Tab. {numref}`tab-stereo-triang-interpret` shows that, despite “visually large” mm errors, the relative error is on the order of $10^{-2}$ (percent), and that the ray-field improvement is consistent with the strong drop in baseline error in pixel units.

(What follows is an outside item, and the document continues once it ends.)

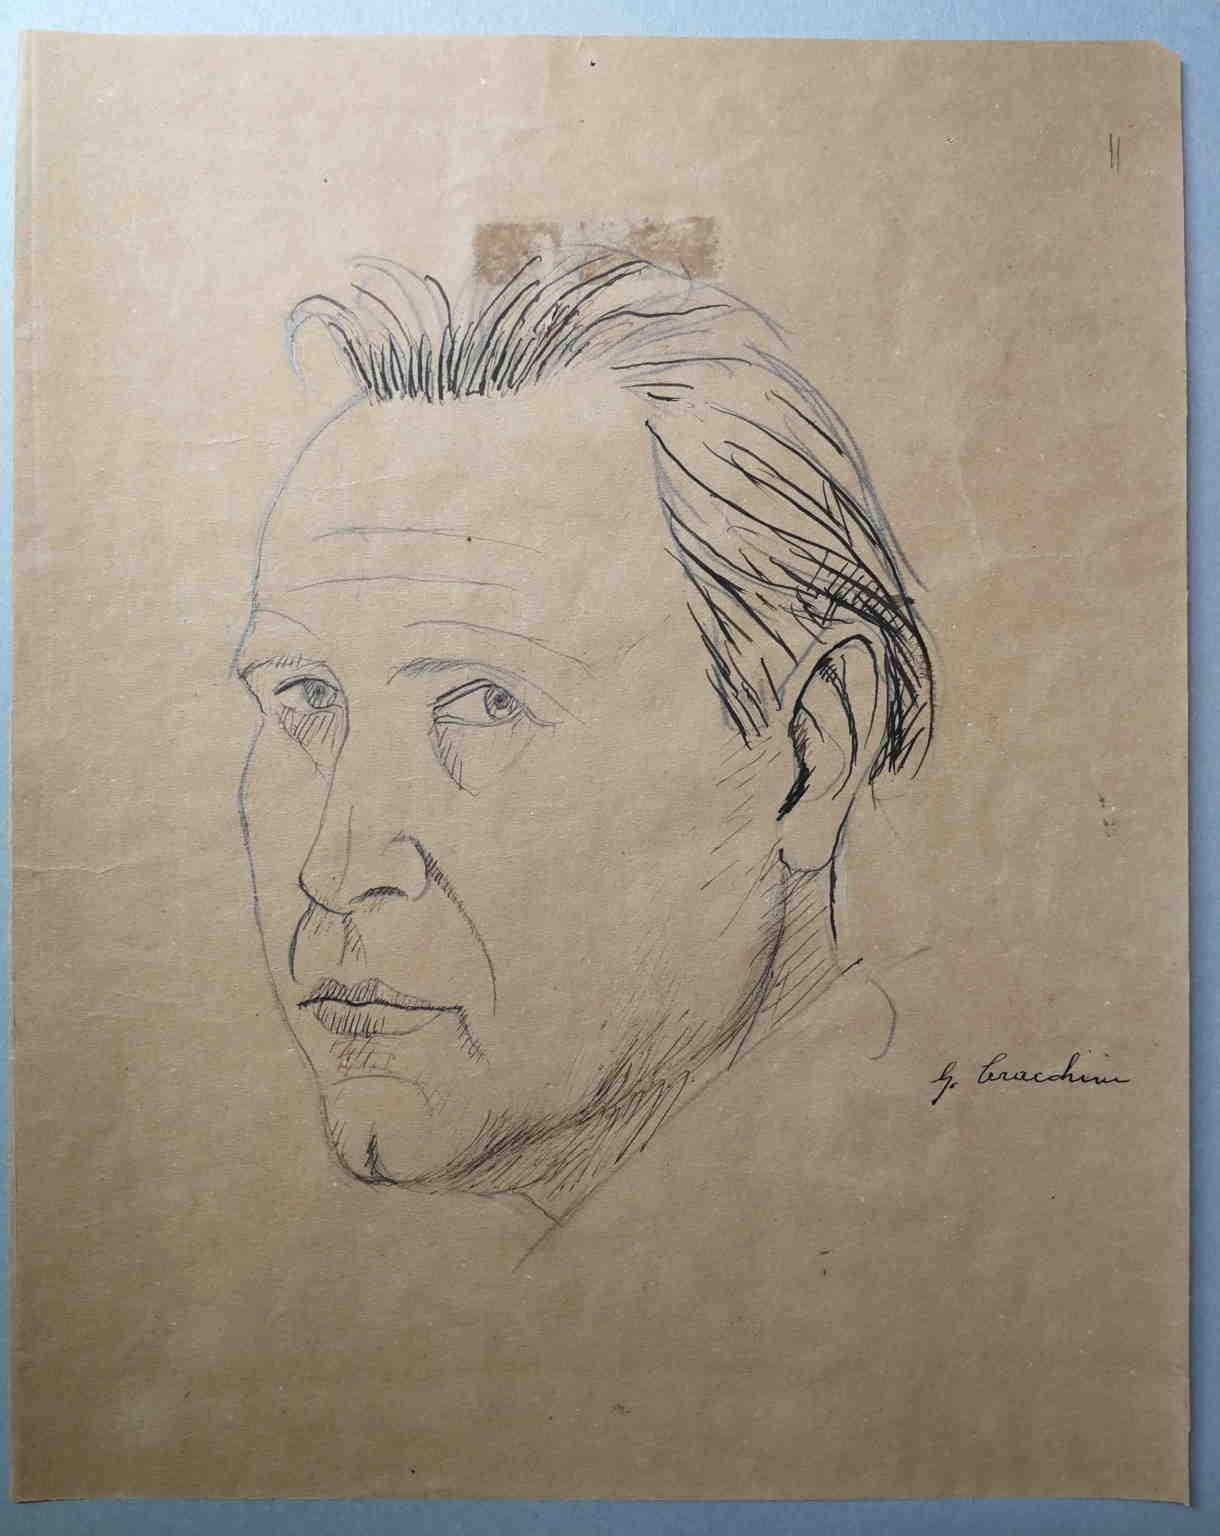 The drawing is a self portrait of the tuscan artist Gisberto Ceracchini. Considering the age at the moment and the fact that his birth year was the 1899, it can be dated to the 1930s-1940s.

Gisberto Ceracchini was an italian artist that despite his

Note: on synthetic datasets v0, `gt_charuco_corners.npz` provides `XYZ_world_mm`. The script assumes that this 3D is consistent with the triangulation convention (left-camera frame), which holds for `dataset/v0_png/train/scene_0000` (verified by reprojection).

Reading guide:

- The drop in reprojection RMS (mono + stereo) indicates that OpenCV absorbs much less localization error.
- The baseline error in pixels (equivalent disparity) drops significantly, showing that stereo geometry (scale) becomes much more stable.
- 3D triangulation improves as well, but it also depends on the quality of estimated intrinsics/distortion and on pose geometry.